Ok, so I have this regex:
( |^|>)(((((((\+|00)(31|32)( )?(\(0\))?)|0)([0-9]{2})(-)?( )?)?)([0-9]{7}))|((((((\+|00)(31|32)( )?(\(0\))?)|0)([0-9]{3})(-)?( )?)?)([0-9]{6}))|((((((\+|00)(31|32)( )?(\(0\))?)|0)([0-9]{1})(-)?( )?)?)([0-9]{8})))( |$|<)
It formats Dutch and Belgian phone numbers (I only want those hence the 31 and 32 as country code).
Its not much fun to decipher but as you can see it also has a lot duplicated. but now it does handles it very accurately
All the following European formatted phone numbers are accepted
0031201234567
0031223234567
0031612345678
+31(0)20-1234567
+31(0)223-234567
+31(0)6-12345678
020-1234567
0223-234567
06-12345678
0201234567
0223234567
0612345678
and the following false formatted ones are not
06-1234567 (mobile phone number in Holland should have 8 numbers after 06 )

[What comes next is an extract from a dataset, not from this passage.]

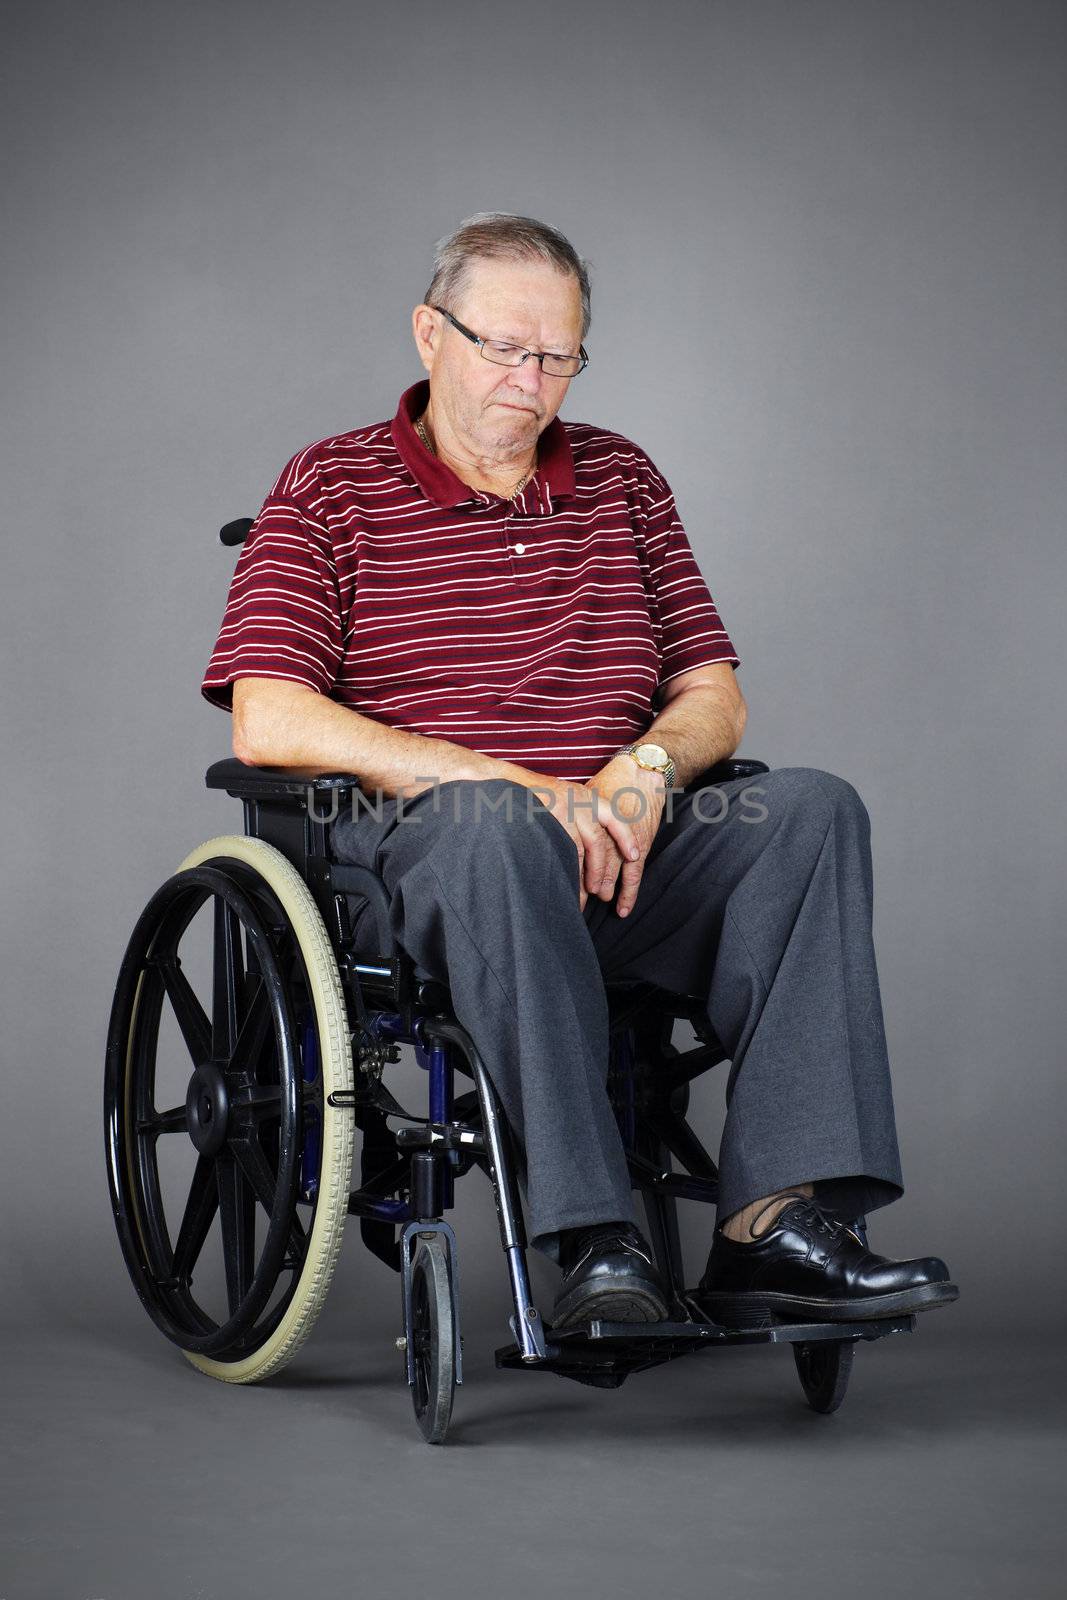 Sad or depressed senior man in a wheelchair, looking down, studio shot over grey background.

0223-1234567 (area code with home phone)
as opposed to this which is good.
020-1234567 (area code with 3 numbers has 7 numbers for the phone as opposed to a 4 number area code which can only have 6 numbers for phone number)

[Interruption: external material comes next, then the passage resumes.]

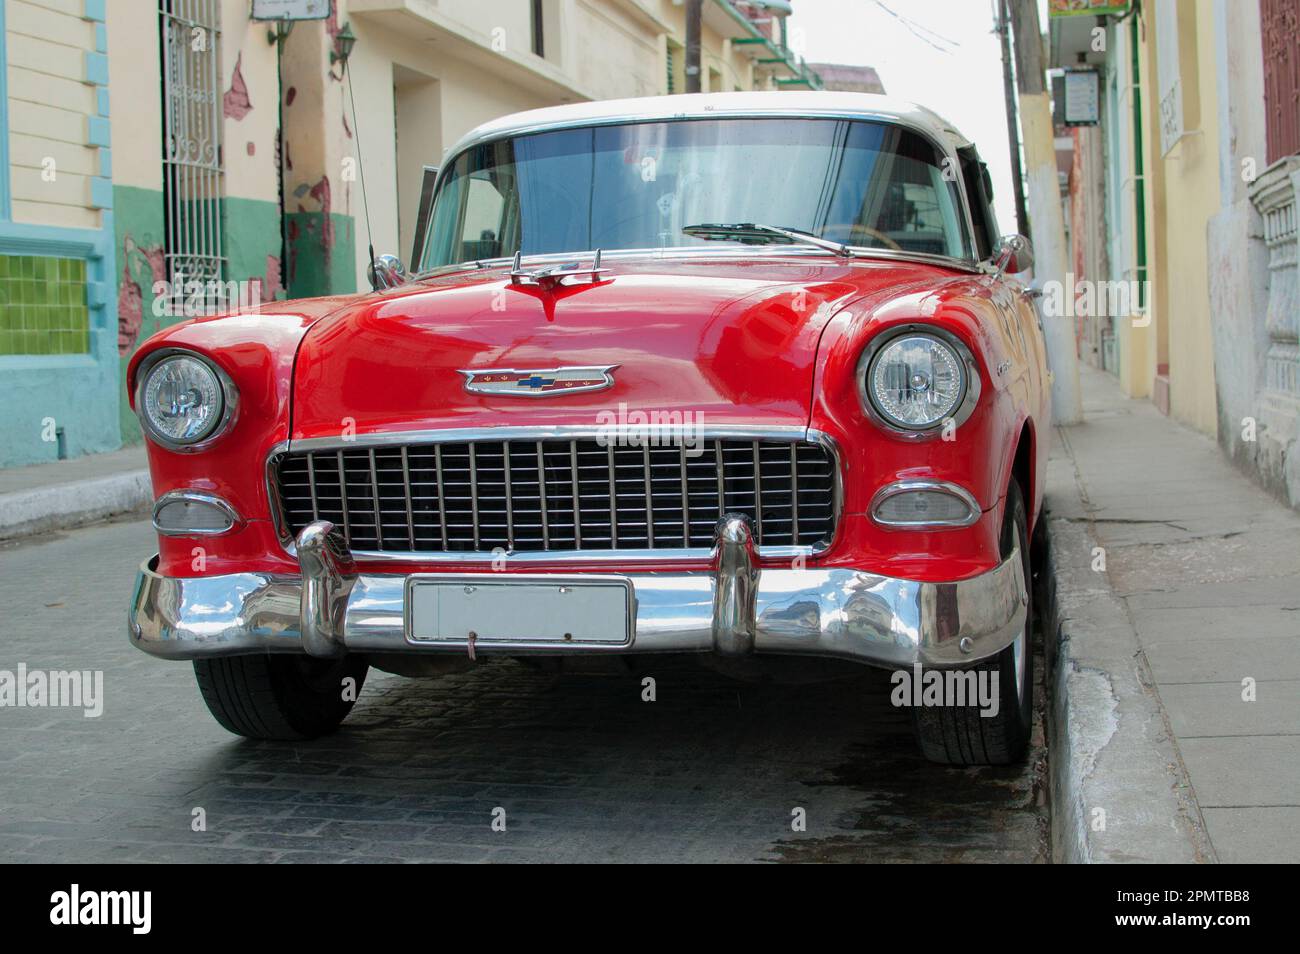 Auto d'epoca americana in una strada a Cuba, una reliquia cubana ben conservata dai tempi pre-rivoluzione Foto Stock

As you can see it's the '-' character that makes it a little difficult but I need it in there because it's a part of the formatting usually used by people, and I want to be able to parse them all.
Now is my question... do you see a way to simplify this regex (or even improve it if you see a fault in it), while keeping the same rules?
You can test it at regextester.com
(The '( |^|>)' is to check if it is at the start of a word with the possibility it being preceded by either a new line or a '>'. I search for the phone numbers in HTML pages.)